▶ [The data]
********************
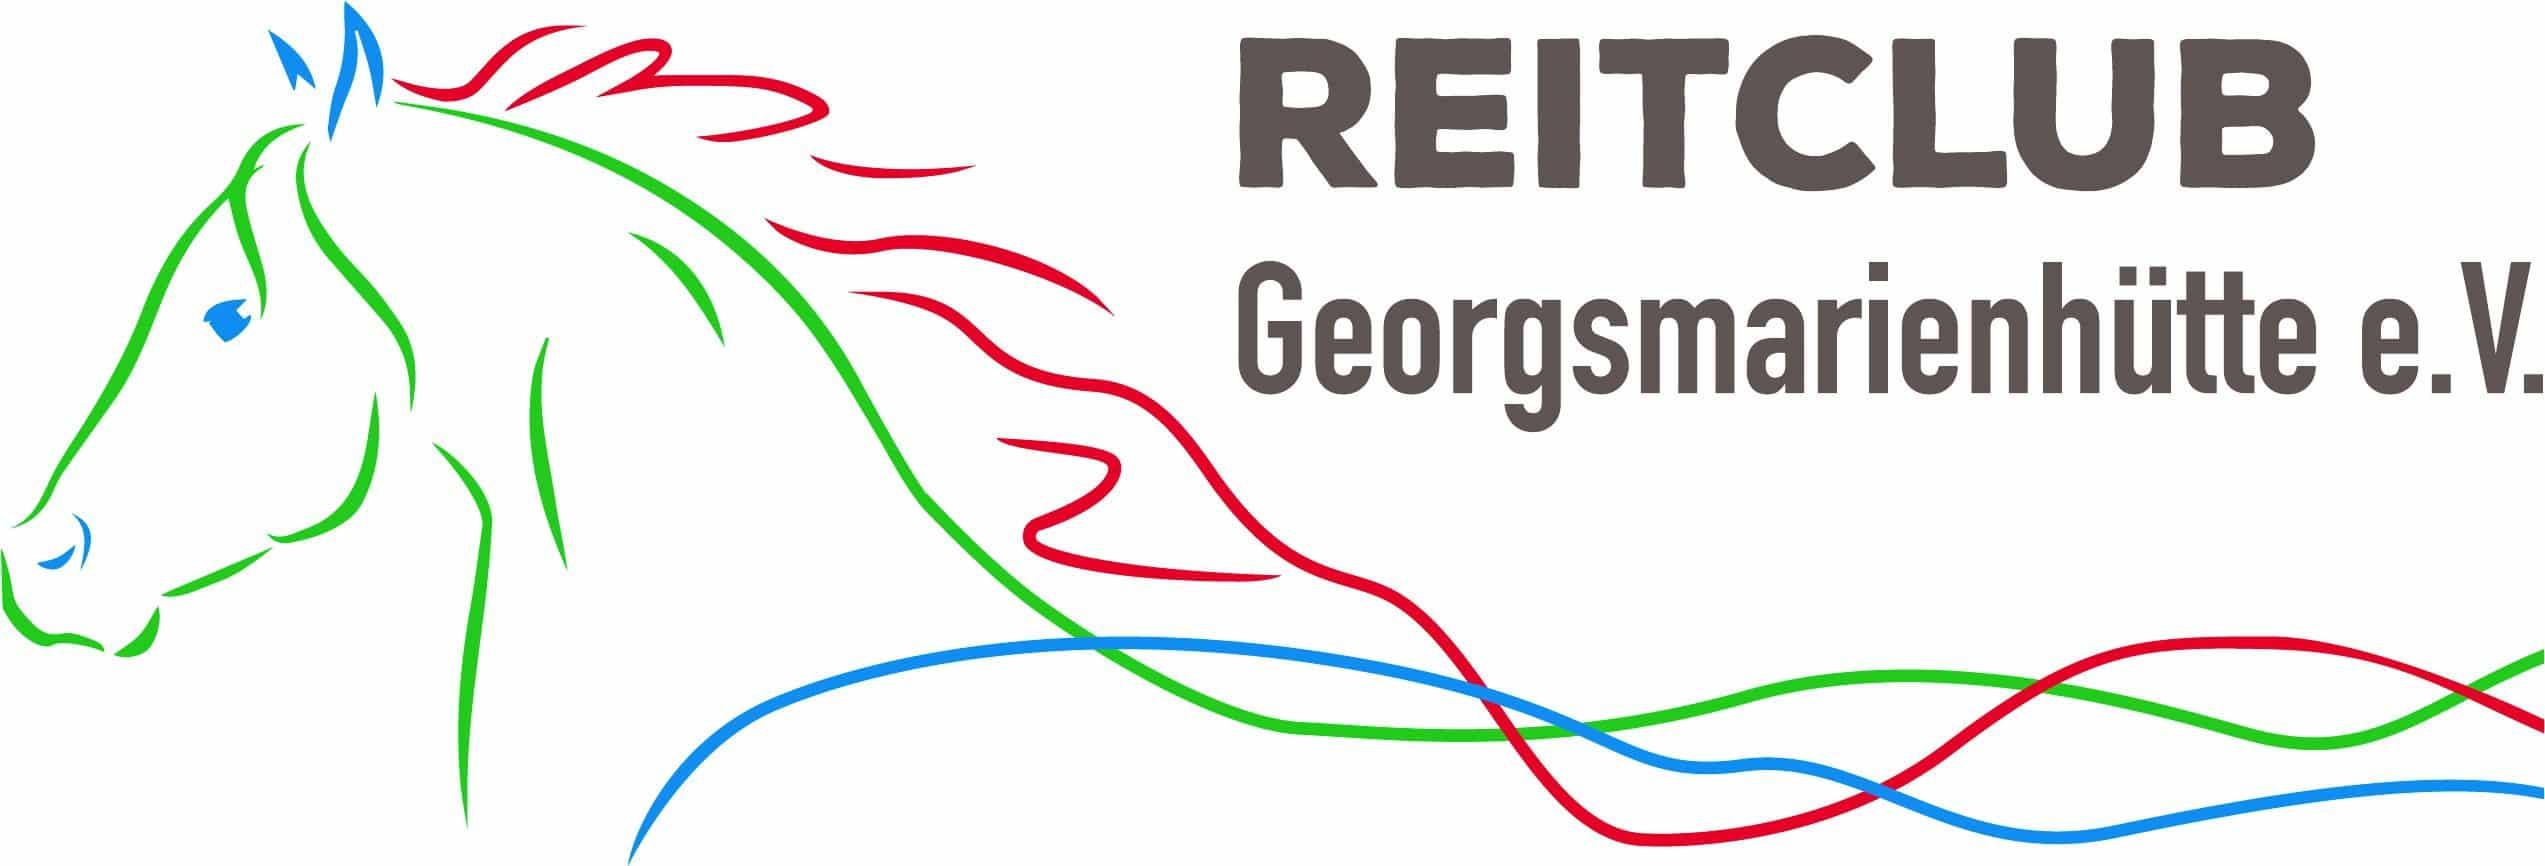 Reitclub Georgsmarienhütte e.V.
********************
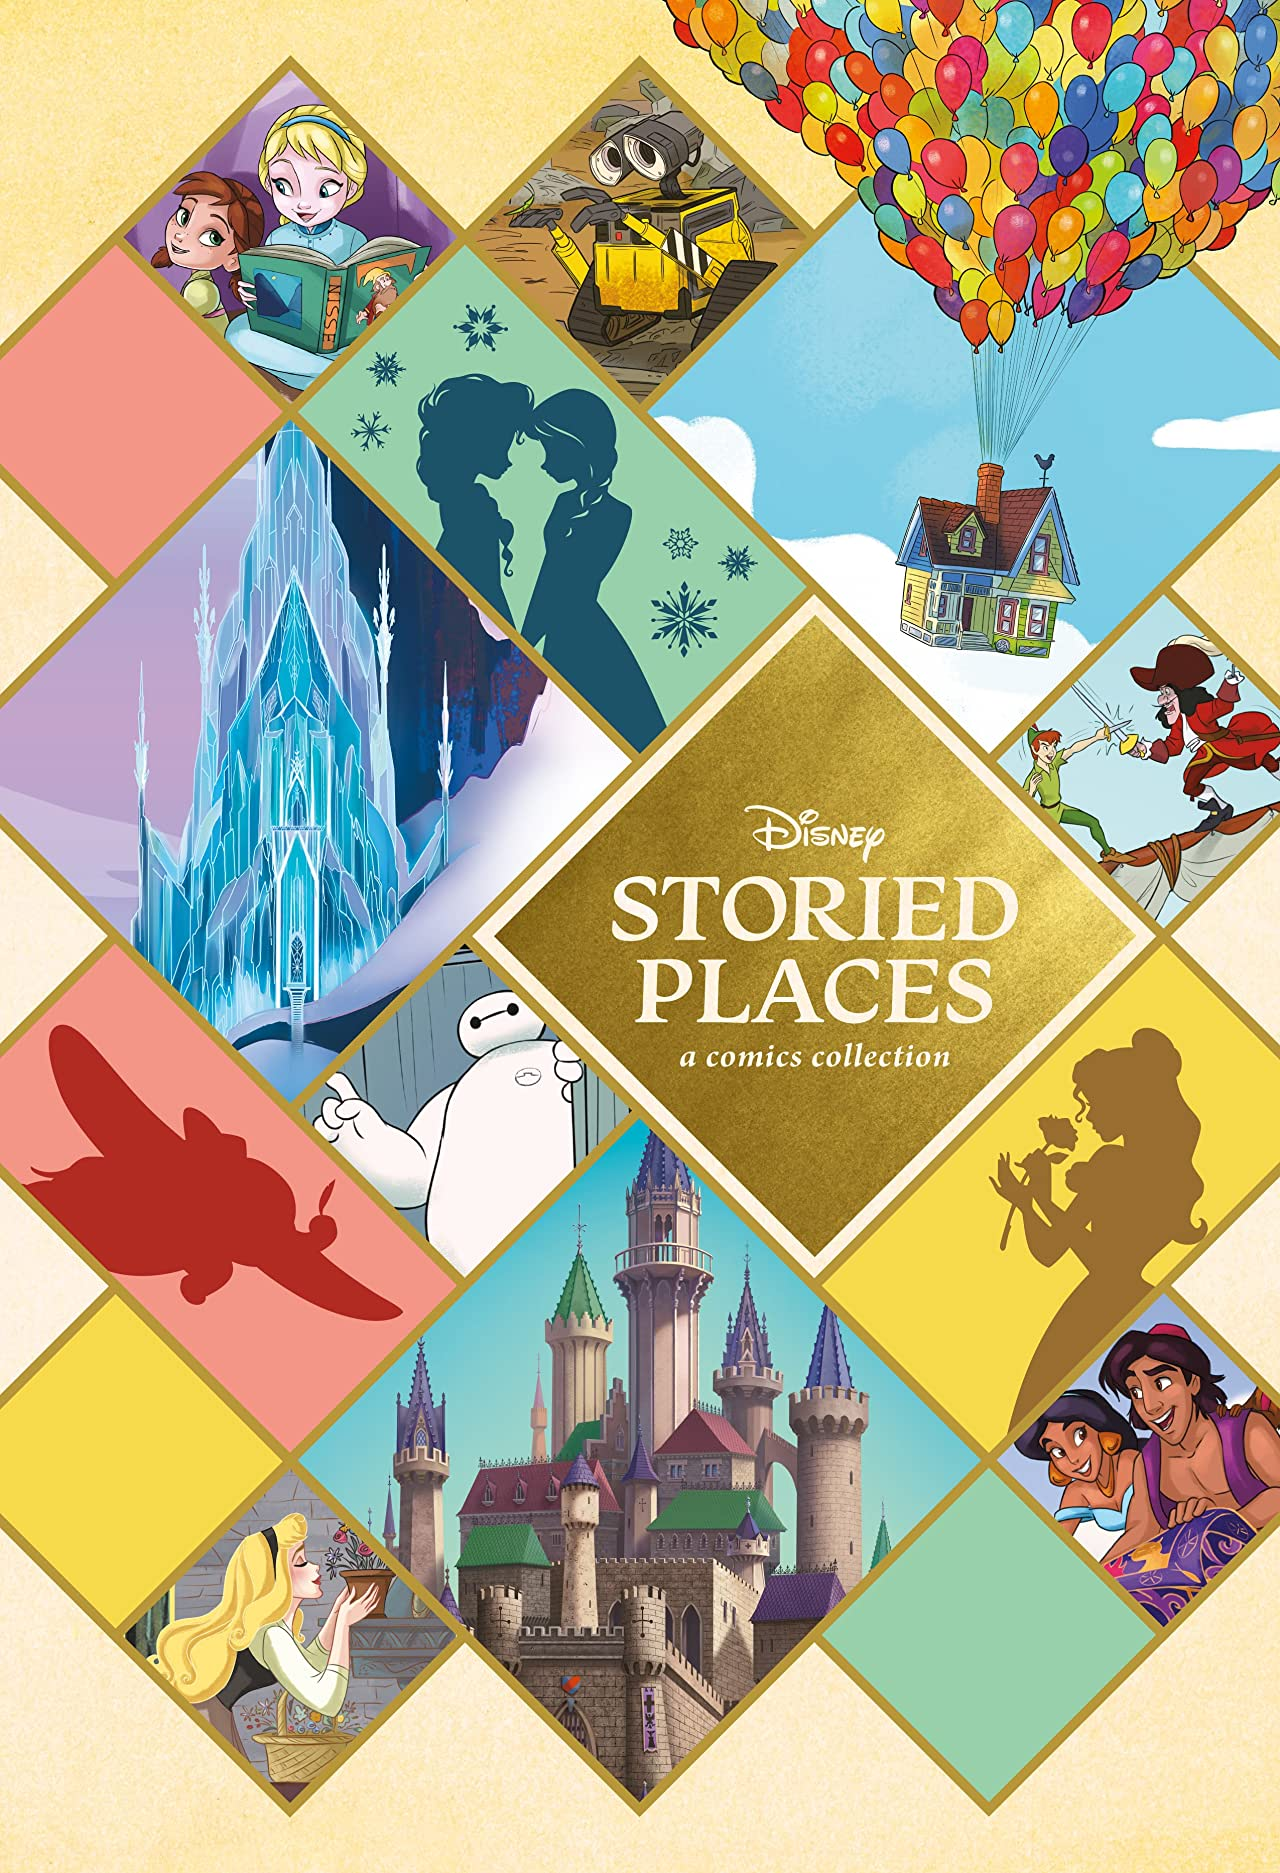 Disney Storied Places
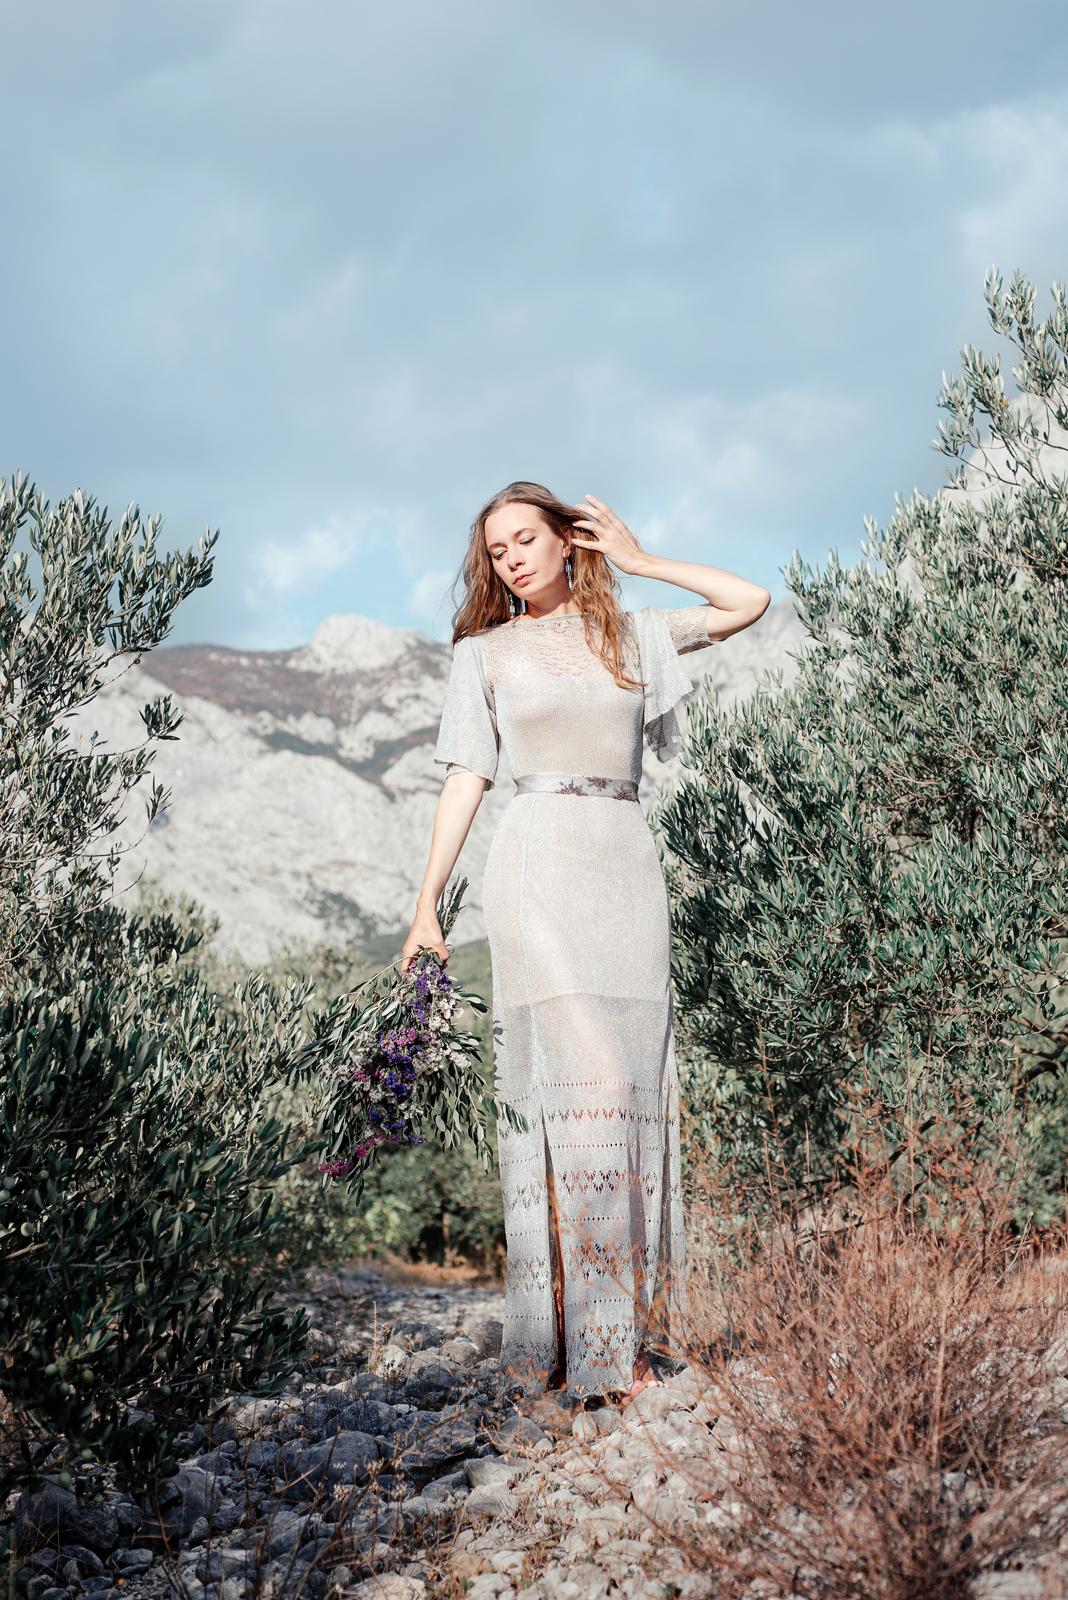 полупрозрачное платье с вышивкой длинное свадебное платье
********************
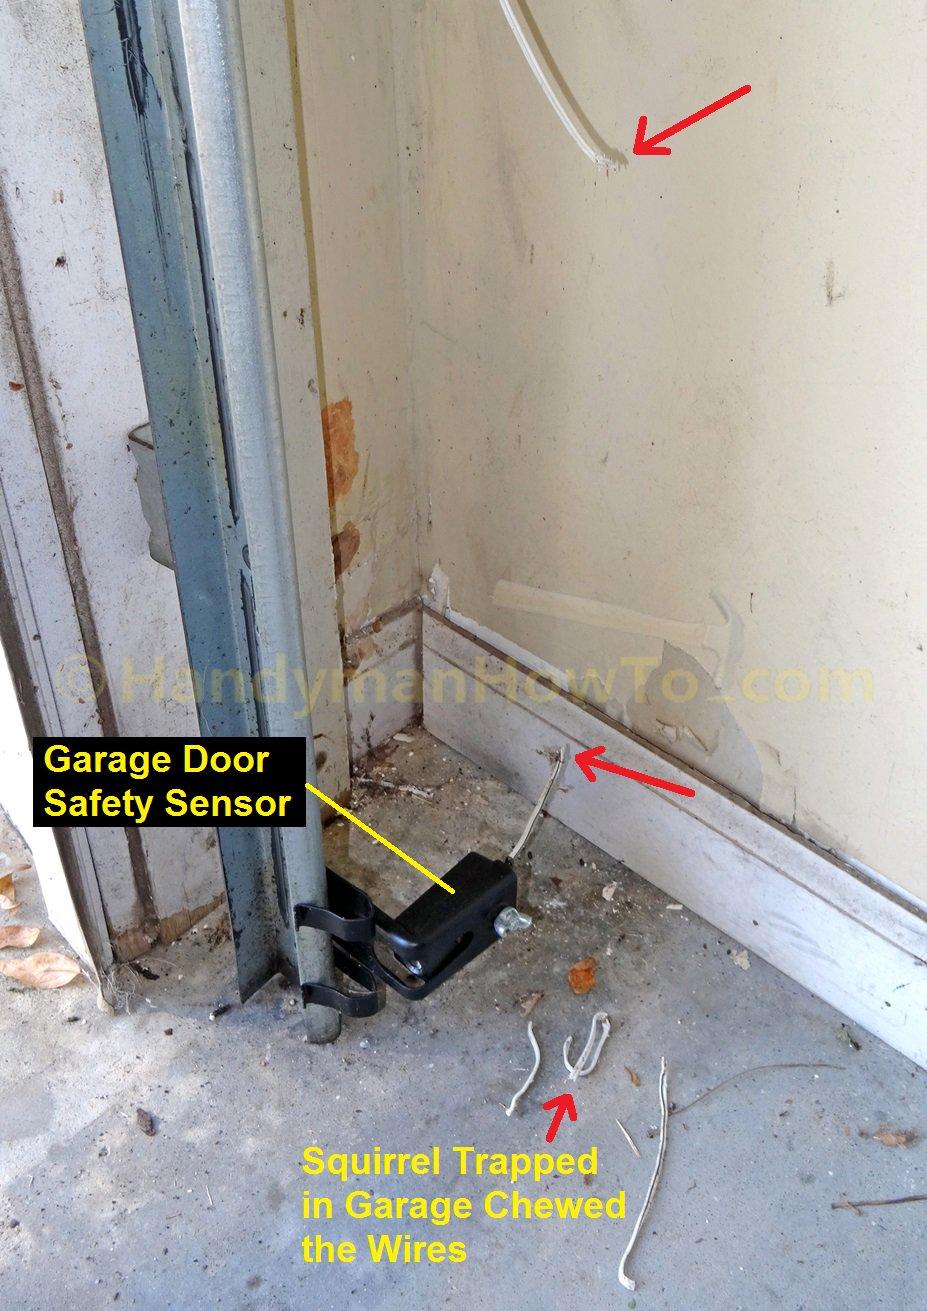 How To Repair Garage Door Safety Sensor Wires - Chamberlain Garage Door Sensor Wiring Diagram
********************
▶ [Assignment] Starting at the line above that contains "Disney Storied Places", transcribe every line exactly through the line that contains "полупрозрачное платье с", including that last one, and skip the pictures.

▶ [Written response]
 Disney Storied Places
 полупрозрачное платье с вышивкой длинное свадебное платье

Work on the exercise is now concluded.